**EXERCISE DESCRIPTION**
Copy the records below verbatim, from the first line through the line containing "north road cycles - bike frame", inclusive, and output nothing else.

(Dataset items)
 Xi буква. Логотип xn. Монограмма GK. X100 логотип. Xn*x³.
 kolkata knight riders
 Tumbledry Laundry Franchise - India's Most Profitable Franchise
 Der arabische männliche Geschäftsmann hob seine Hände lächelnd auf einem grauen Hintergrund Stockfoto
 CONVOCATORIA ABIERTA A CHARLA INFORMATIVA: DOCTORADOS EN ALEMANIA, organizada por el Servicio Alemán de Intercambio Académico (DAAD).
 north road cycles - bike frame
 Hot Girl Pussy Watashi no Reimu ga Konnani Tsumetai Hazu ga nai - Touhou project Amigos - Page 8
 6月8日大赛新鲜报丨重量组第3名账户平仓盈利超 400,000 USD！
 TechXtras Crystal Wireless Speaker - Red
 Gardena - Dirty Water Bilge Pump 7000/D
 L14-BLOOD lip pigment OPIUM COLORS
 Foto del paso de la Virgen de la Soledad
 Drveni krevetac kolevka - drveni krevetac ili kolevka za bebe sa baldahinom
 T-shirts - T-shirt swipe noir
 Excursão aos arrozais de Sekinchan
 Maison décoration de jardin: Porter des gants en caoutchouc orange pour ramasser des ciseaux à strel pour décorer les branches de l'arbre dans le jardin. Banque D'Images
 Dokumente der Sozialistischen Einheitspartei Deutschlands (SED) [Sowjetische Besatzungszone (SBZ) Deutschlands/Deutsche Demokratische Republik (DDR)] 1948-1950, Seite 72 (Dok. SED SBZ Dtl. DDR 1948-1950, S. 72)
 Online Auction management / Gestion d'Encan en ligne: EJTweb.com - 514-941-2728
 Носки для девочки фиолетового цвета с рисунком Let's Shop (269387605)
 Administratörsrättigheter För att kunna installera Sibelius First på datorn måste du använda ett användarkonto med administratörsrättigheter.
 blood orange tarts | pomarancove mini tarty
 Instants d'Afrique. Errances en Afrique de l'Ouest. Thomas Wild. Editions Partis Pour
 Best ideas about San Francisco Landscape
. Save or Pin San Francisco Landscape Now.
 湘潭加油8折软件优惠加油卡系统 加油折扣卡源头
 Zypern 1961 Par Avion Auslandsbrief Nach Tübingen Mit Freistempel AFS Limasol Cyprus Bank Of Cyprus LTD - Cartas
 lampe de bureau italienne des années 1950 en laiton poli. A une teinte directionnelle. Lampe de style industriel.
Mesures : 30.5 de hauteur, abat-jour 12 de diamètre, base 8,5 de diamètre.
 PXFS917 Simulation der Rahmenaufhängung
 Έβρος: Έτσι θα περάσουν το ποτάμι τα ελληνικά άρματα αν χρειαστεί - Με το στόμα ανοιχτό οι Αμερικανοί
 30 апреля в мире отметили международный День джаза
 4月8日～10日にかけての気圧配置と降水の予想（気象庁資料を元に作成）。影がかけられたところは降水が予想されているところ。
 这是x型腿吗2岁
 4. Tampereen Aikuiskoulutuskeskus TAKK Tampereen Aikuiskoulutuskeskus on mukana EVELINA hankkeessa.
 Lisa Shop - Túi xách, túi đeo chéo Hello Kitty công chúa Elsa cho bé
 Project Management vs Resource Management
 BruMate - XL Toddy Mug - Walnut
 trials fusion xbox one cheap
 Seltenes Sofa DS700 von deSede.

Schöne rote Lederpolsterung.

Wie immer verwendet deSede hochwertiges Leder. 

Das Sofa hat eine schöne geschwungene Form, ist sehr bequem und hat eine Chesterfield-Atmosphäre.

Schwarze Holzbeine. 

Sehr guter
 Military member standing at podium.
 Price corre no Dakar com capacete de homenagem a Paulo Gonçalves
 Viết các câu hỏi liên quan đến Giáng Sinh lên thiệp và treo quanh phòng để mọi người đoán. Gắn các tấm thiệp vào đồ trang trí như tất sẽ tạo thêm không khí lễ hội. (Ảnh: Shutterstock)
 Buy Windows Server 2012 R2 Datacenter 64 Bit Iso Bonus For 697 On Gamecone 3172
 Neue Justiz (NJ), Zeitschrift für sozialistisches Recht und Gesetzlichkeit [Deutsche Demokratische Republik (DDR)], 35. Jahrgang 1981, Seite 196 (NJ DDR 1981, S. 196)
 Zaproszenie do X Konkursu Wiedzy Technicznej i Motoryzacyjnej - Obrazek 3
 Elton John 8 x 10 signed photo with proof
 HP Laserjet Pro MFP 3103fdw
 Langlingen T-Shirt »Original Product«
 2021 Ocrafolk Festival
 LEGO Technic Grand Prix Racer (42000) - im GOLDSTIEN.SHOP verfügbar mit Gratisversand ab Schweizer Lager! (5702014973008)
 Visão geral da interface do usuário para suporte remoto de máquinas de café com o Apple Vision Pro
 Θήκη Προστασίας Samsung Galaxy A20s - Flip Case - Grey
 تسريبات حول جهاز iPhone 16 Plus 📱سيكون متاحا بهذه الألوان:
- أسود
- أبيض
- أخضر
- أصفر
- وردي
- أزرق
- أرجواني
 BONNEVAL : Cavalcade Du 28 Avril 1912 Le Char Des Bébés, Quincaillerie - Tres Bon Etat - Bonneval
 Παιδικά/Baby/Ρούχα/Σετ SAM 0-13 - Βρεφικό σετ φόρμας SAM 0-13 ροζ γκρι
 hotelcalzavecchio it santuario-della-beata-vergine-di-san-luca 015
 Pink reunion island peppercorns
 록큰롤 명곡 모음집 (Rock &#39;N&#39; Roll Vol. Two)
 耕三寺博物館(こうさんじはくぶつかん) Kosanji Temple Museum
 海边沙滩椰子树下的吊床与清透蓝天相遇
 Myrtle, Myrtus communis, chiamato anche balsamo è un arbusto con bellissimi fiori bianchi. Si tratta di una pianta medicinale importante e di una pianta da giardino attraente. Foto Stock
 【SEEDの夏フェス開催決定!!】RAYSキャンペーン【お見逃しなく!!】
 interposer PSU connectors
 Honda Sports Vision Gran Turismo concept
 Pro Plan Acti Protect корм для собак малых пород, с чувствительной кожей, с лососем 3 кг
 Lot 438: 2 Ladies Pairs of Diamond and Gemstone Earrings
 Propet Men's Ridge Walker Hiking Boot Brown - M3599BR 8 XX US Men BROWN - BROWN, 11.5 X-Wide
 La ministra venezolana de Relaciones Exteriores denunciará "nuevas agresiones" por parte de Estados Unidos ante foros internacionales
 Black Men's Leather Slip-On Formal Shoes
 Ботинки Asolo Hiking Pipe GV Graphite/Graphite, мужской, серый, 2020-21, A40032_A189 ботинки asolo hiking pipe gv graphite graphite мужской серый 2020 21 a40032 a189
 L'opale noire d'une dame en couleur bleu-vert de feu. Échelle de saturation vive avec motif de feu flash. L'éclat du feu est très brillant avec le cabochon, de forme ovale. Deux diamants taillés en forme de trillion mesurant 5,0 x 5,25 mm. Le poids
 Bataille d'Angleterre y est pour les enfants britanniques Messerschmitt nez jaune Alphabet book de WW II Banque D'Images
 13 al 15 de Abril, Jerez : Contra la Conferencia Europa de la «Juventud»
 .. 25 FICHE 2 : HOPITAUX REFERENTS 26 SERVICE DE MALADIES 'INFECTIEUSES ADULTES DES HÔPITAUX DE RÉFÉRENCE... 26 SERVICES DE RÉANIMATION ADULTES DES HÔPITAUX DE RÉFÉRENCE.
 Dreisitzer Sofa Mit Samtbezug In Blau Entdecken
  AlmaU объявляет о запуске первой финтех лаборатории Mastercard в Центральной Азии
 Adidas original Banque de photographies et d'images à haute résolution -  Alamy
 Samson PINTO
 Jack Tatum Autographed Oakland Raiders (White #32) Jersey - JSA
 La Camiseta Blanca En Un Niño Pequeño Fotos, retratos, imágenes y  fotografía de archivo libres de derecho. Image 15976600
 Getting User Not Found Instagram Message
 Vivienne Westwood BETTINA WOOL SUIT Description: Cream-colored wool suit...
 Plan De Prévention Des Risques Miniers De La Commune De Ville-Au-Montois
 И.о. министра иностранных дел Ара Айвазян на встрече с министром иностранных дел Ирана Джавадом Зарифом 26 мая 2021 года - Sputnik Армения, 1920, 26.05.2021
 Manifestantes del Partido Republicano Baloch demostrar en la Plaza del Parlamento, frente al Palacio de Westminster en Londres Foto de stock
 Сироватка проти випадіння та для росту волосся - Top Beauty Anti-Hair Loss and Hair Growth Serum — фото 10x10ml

**RESPONSE TO THIS EXERCISE**
 Xi буква. Логотип xn. Монограмма GK. X100 логотип. Xn*x³.
 kolkata knight riders
 Tumbledry Laundry Franchise - India's Most Profitable Franchise
 Der arabische männliche Geschäftsmann hob seine Hände lächelnd auf einem grauen Hintergrund Stockfoto
 CONVOCATORIA ABIERTA A CHARLA INFORMATIVA: DOCTORADOS EN ALEMANIA, organizada por el Servicio Alemán de Intercambio Académico (DAAD).
 north road cycles - bike frame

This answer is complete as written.